Exercise: Print the line containing "A delicious apple", then every line after it through the end of the material, exactly as written and without pictures.

Supplied material:
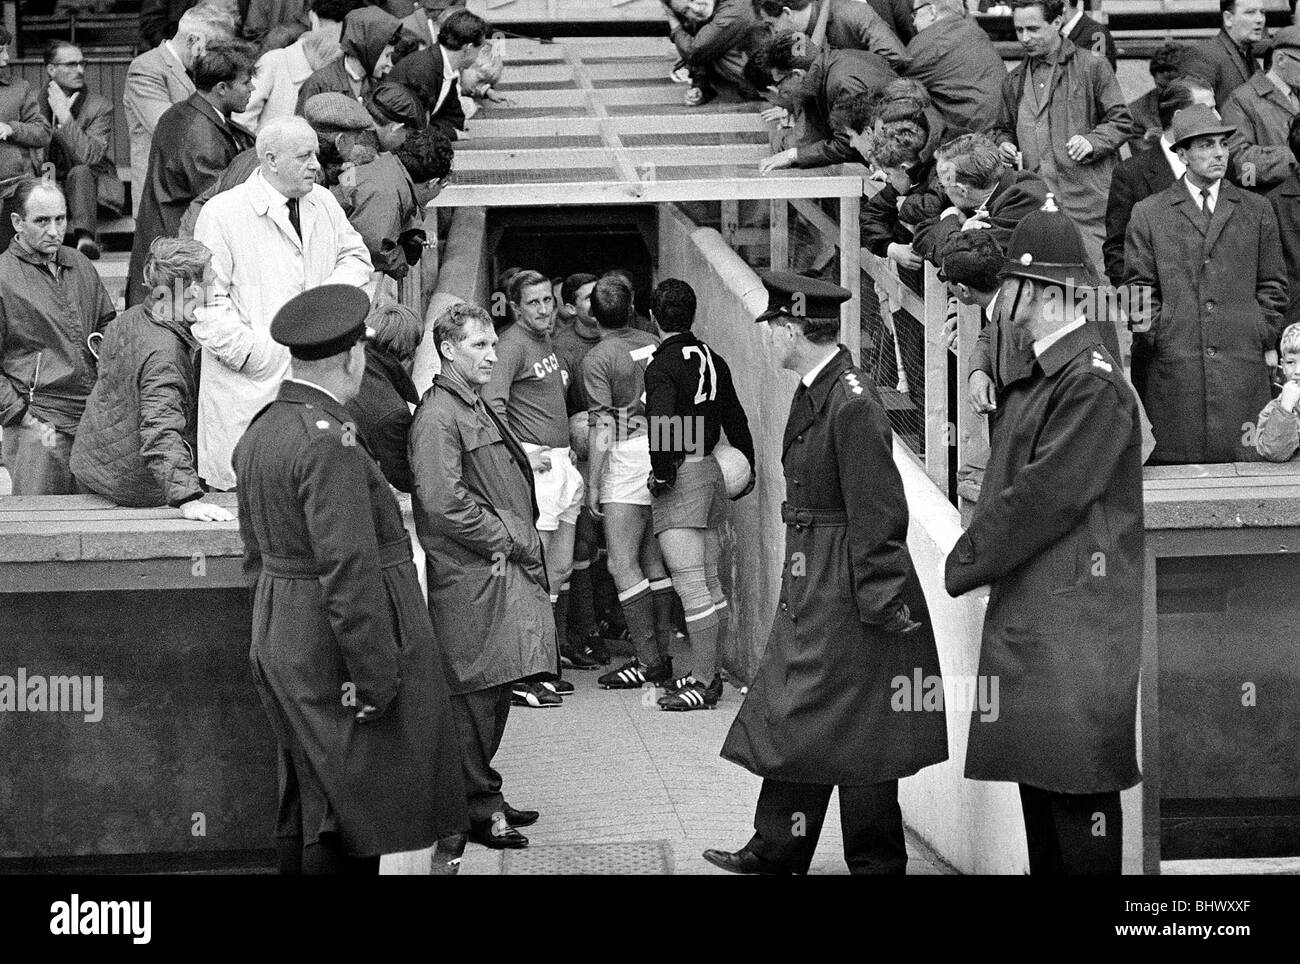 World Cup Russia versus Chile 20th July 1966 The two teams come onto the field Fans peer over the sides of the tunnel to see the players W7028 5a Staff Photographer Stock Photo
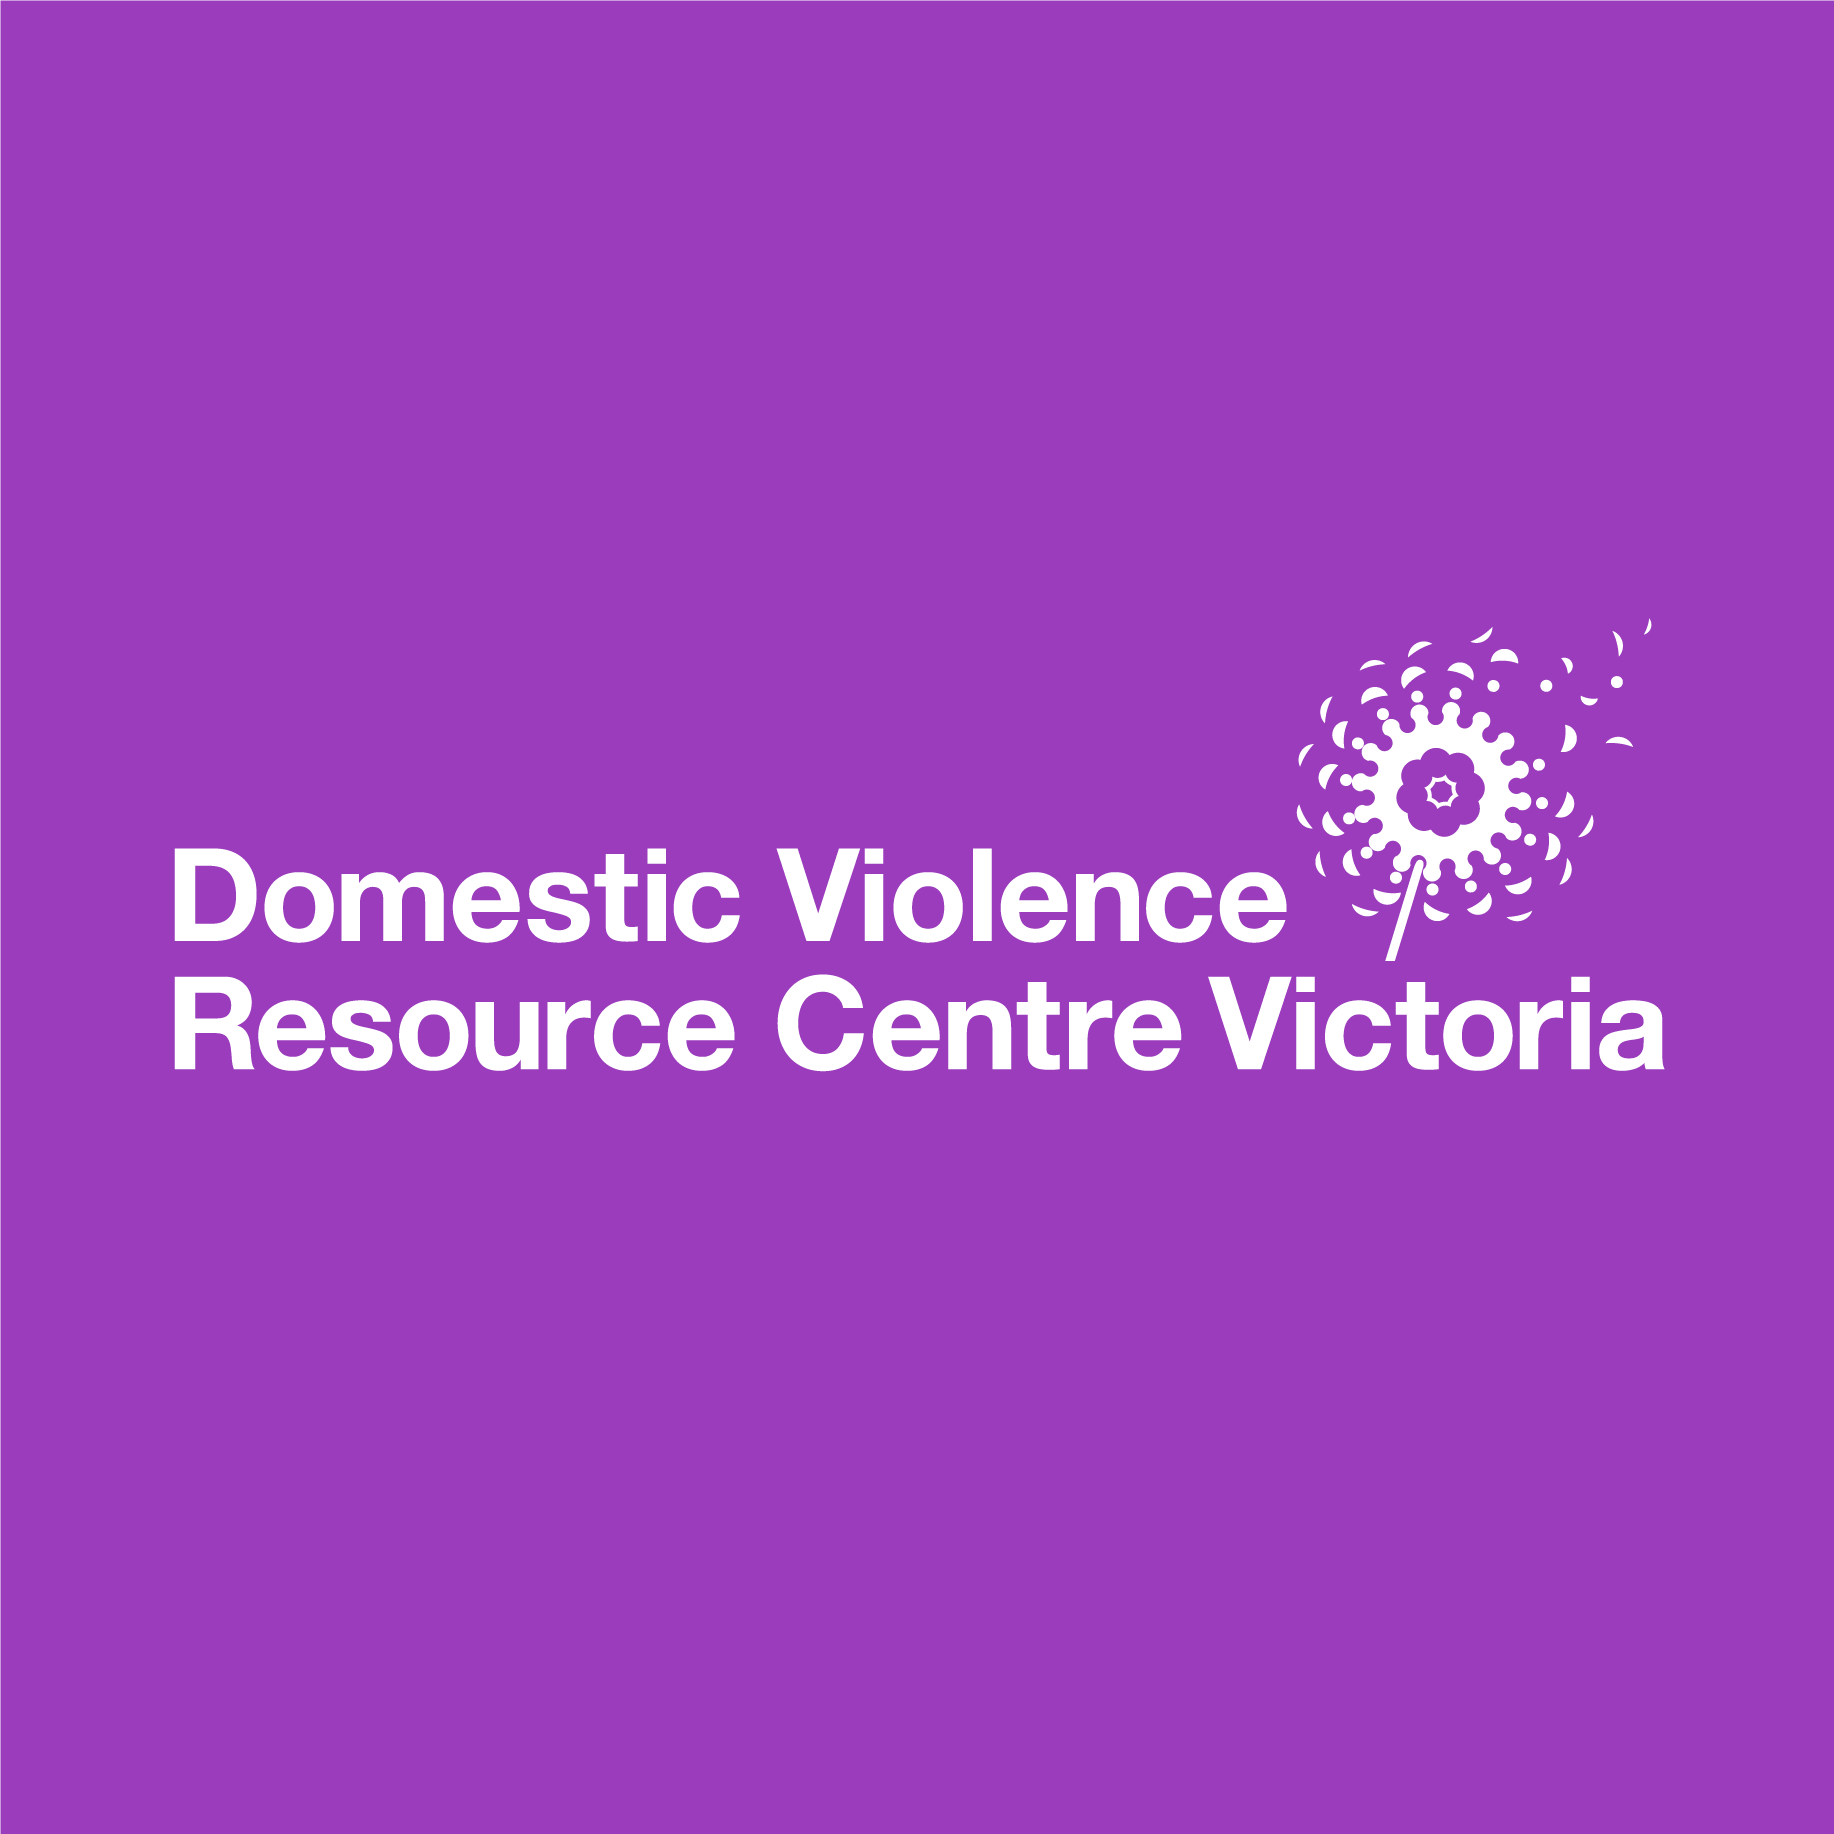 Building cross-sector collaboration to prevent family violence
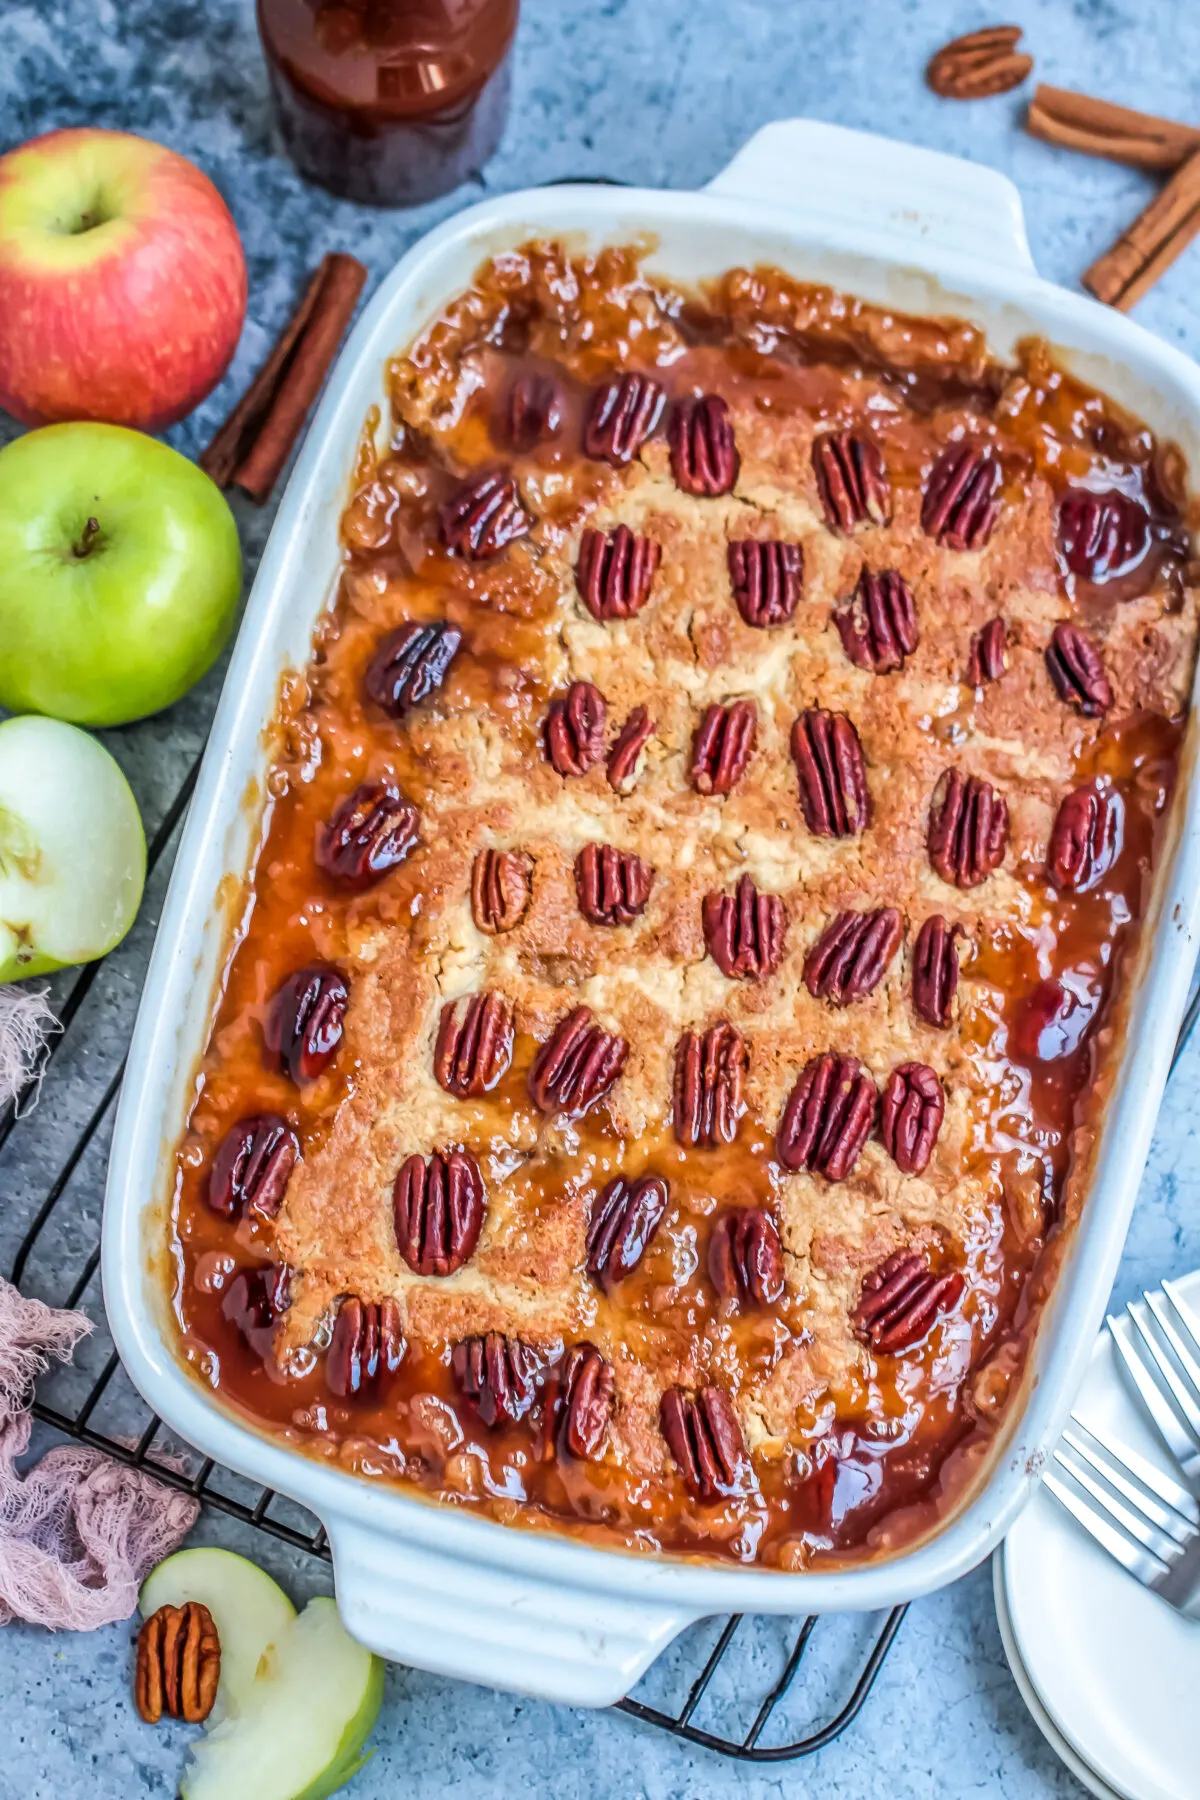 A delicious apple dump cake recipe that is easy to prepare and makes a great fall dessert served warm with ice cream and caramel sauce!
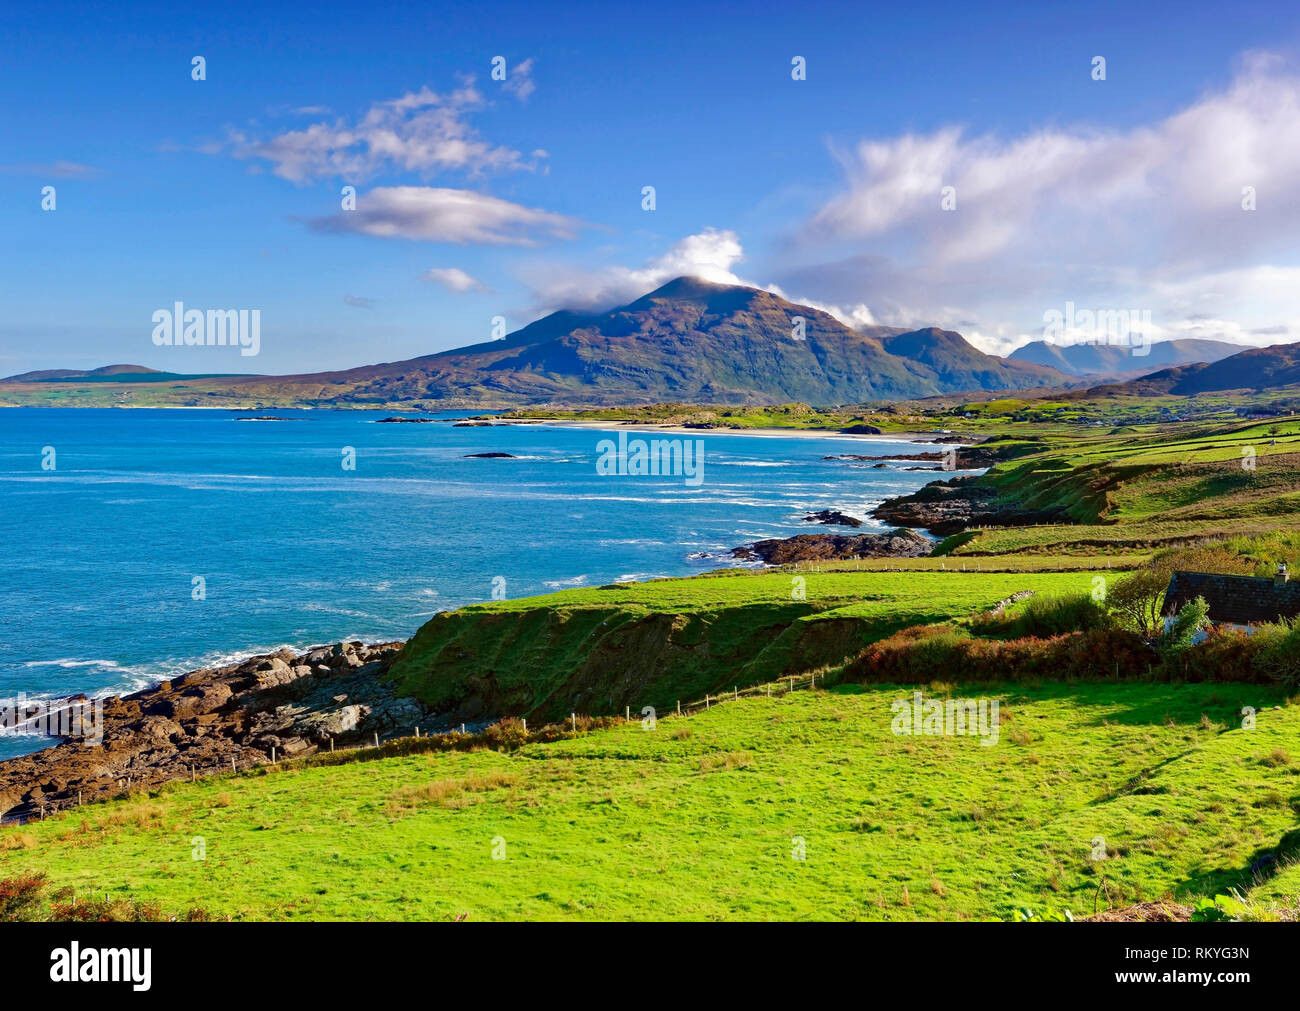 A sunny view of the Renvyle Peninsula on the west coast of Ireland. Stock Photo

Result:
 A delicious apple dump cake recipe that is easy to prepare and makes a great fall dessert served warm with ice cream and caramel sauce!
 A sunny view of the Renvyle Peninsula on the west coast of Ireland. Stock Photo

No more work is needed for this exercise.